Ksama Arora
Step 1: Open a notebook with a running ML Azure Kernel
Step 2: Create ML Client and a datastore (code mentioned before)
Step 3: Build a URI OR Directly grab it in the Studio UI
# Azure Machine Learning workspace details:
subscription = '<subscription_id>'
resource_group = '<resource_group>'
workspace = '<workspace>'
datastore_name = '<datastore>'
path_on_datastore = '<path>'
# Long-form Datastore URI format:
uri = f'azureml://subscriptions/{subscription}/resourcegroups/{resource_group}/workspaces/{workspace}/datastores/{datastore_name}/paths/{path_on_datastore}'
OR go to Data -> specific Datastore -> select csv file -> copy URI (Datastore URI or Storage URI)
Note: The Datastore URI is only applicable to Azure ML and the Storage URI is a more generic storage endpoint, which is used only outside Azure ML.
Step 4: Load a Pandas Dataframe
# Import pandas library
import pandas as pd
# Populate dataframe "my_dataframe" using the pandas read CSV method by passing in the URI acquired
my_dataframe = pd.read_csv("URI")
# Then run dataframe head passing in a value for the number of rows you want to return
my_dataframe.head(1000)
- Step 5: Wrangle - Replace Missing Strings
# Fill missing values in the "Claim Network Status" column with "Unkown" and update the dataframe in place
my_dataframe.fillna(
value={"Claim Network Status": "Unkown"}, inplace=True)

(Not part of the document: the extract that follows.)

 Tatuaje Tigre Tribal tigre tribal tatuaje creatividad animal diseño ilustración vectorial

# Fill missing values in the "Payment Status" column with "Unkown" and update the dataframe in place
my_dataframe.fillna(
value={"Payment Status": "Unkown"}, inplace=True)
# Return the first 1000 rows of the dataframe
my_dataframe.head(1000)
- Step 6: Wrangle - Delete Rows With any Empty Columns
# Drop rows with any missing values and update the dataframe in place
my_dataframe.dropna(inplace=True)
# Return the first 1000 rows of the dataframe
my_dataframe.head(1000)
Wrangling Data with Apache Spark
Step 1: Create a compute to power the notebook - Compute instance / Synapse Spark Pool / Azure ML Serverless Spark
Step 2: Open a notebook and we use Azure ML Serverless Spark as compute for ease of use
Step 3: Build a URI or grab it from the Studio UI
Step 4: Load a PySpark Pandas Dataframe
# Import pyspark pandas library
import pyspark.pandas as pd
my_dataframe = pd.read_csv("URI")
my_dataframe.head(1000)
Step 5: Wrangle - Replace Missing Strings (code given above)

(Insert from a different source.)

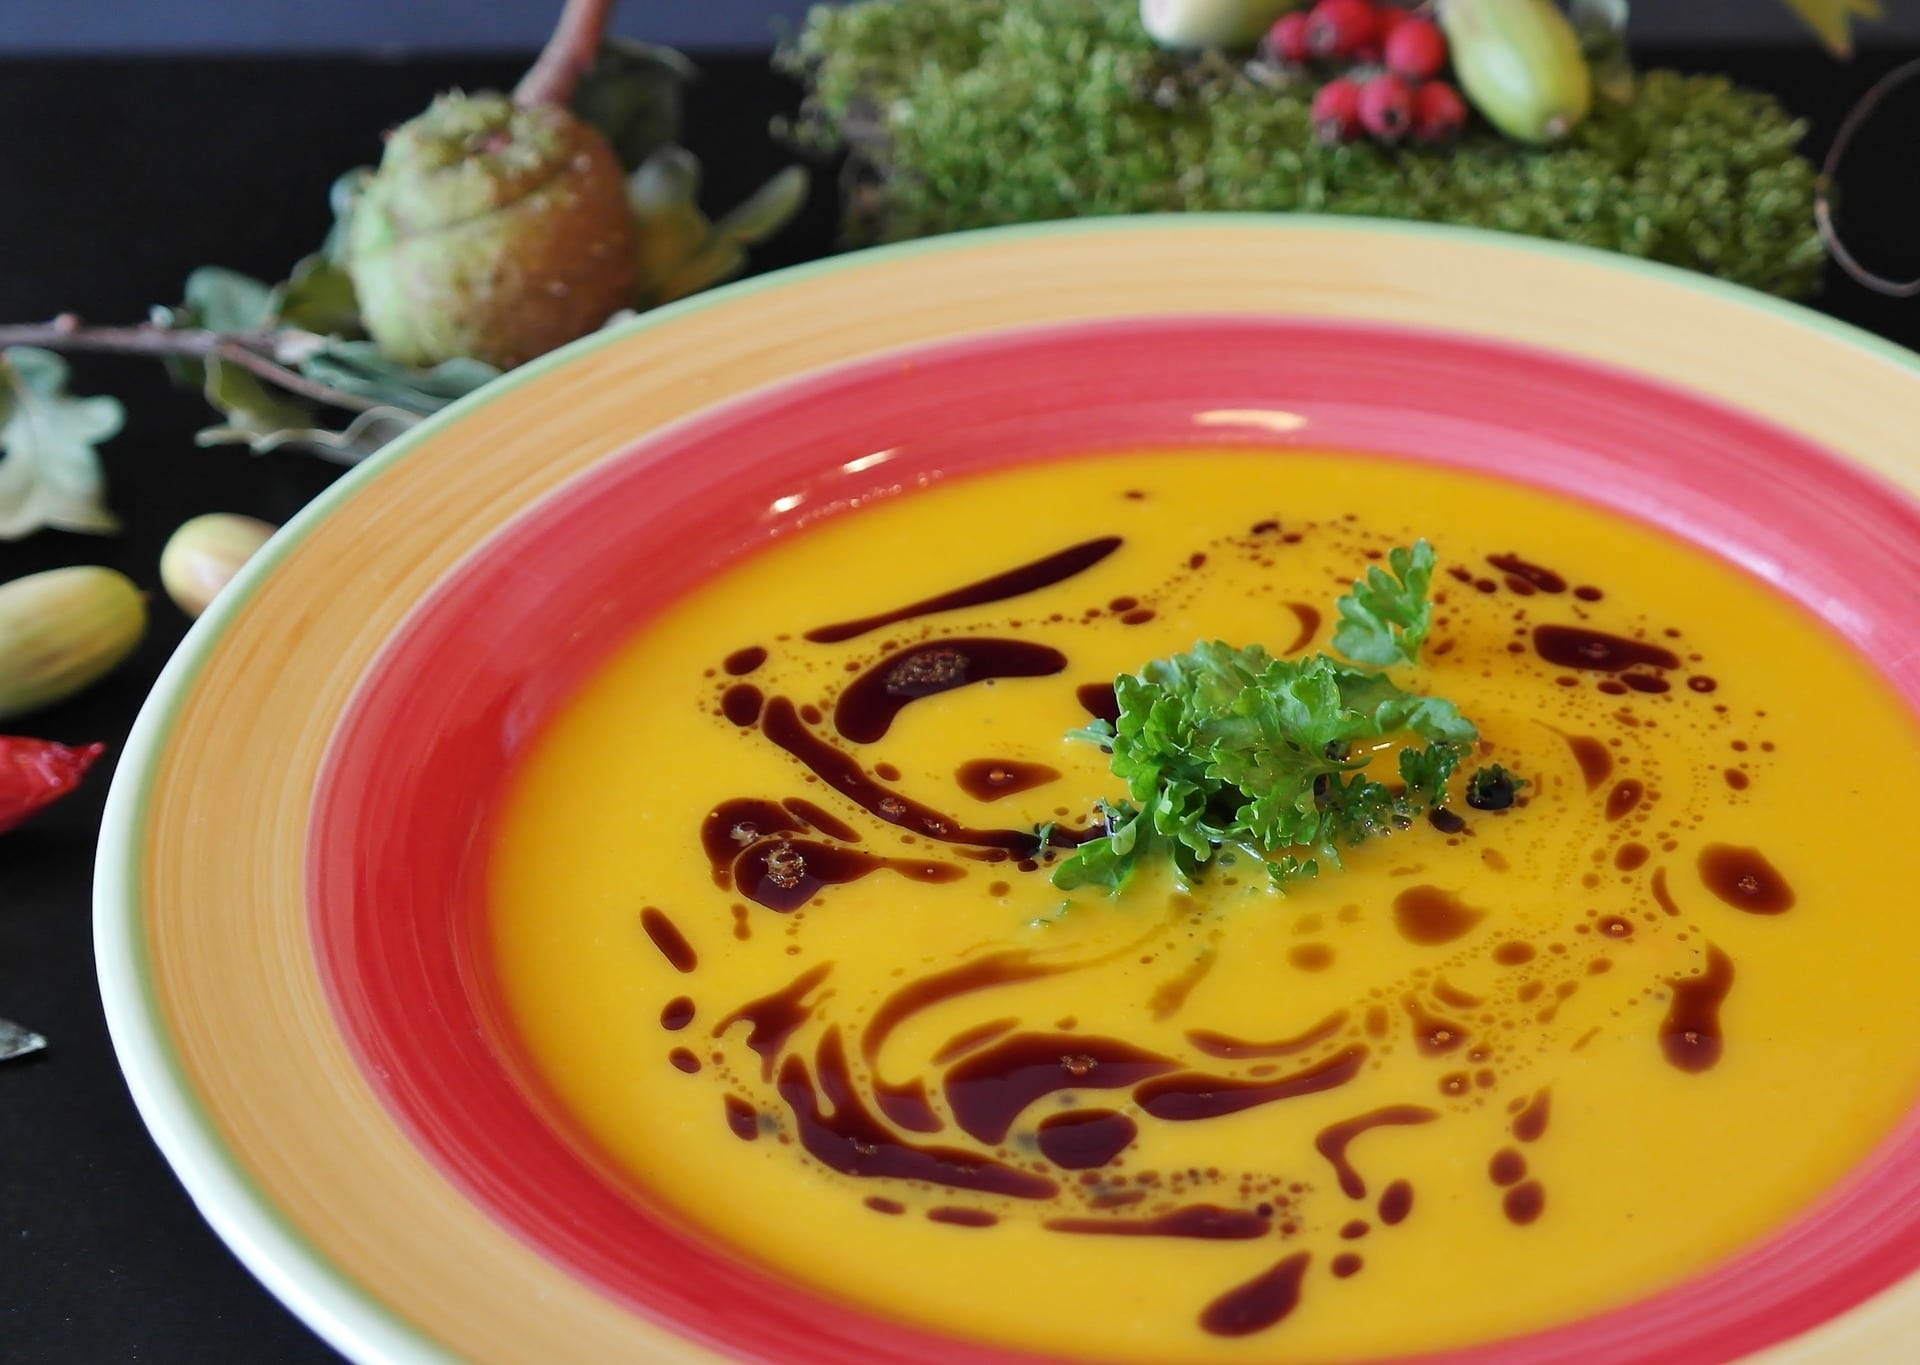 Dýňový olej nádherně vynikne v krémové polévce / foto: pixabay.com

Step 6: Wrangle - Delete rows with any empty columns (code given above)
Step 7: Wrangle - Remove Duplicate Rows
# Drop duplicate rows and update the dataframe in place
my_dataframe.drop_duplicates(inplace=True)

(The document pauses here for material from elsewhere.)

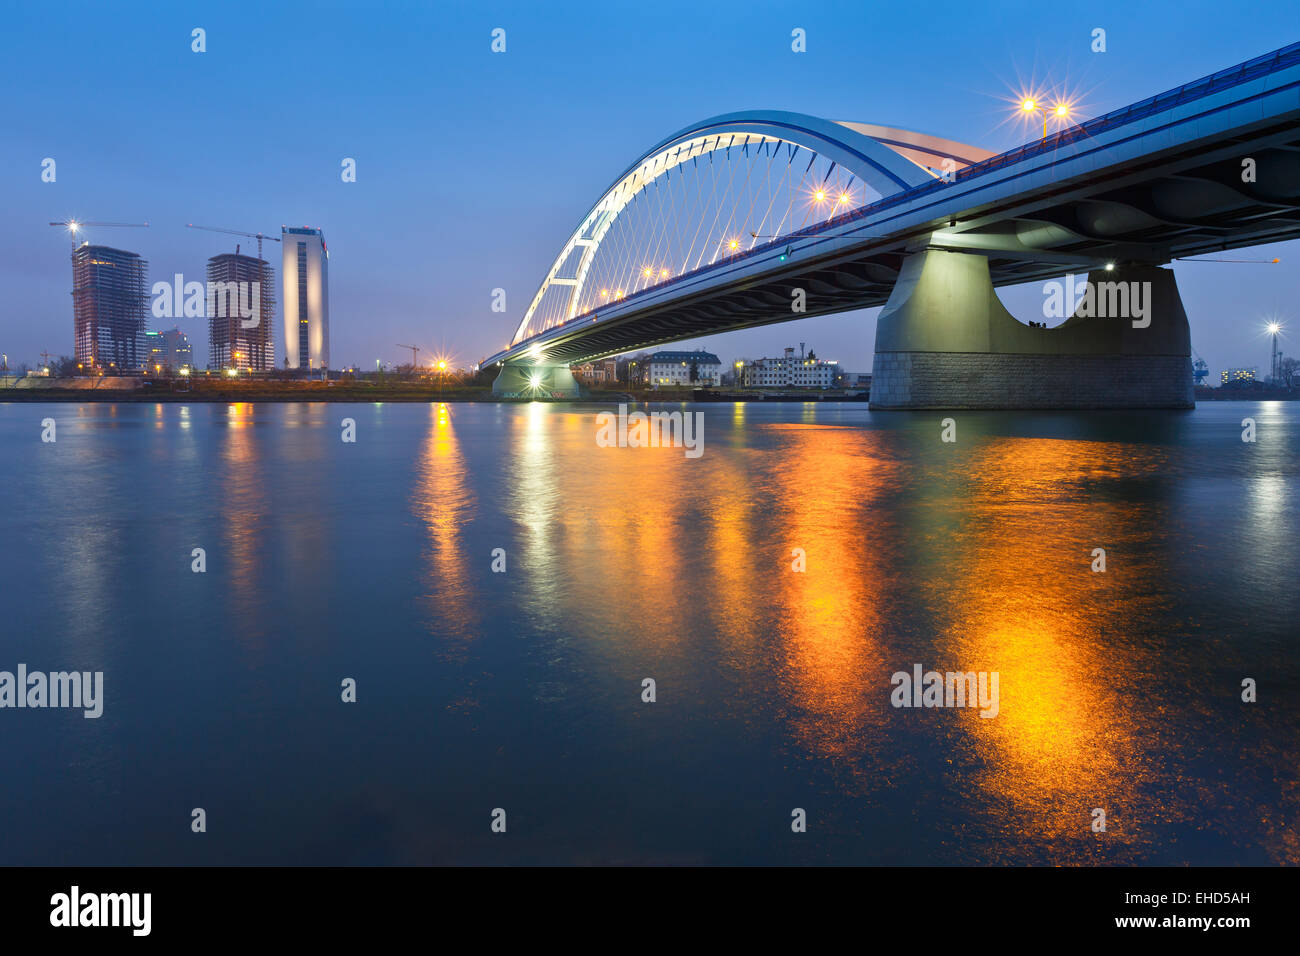 Apollo bridge and highrise buildings in Bratislava, Slovakia. - Stock Image

# Sort the dataframe by its index and update the dataframe in place
my_dataframe.sort_index(inplace=True)
# Return the first 1000 rows of the dataframe
my_dataframe.head(1000)
- Step 8: Save the Transformed Data
# Save the dataframe to a CSV file at the specified Azure Data Lake Storage path
my_dataframe.to_csv(
"abfss://<FILE_SYSTEM_NAME>@<STORAGE_ACCOUNT_NAME>.dfs.core.windows.net/data/wrangled"
)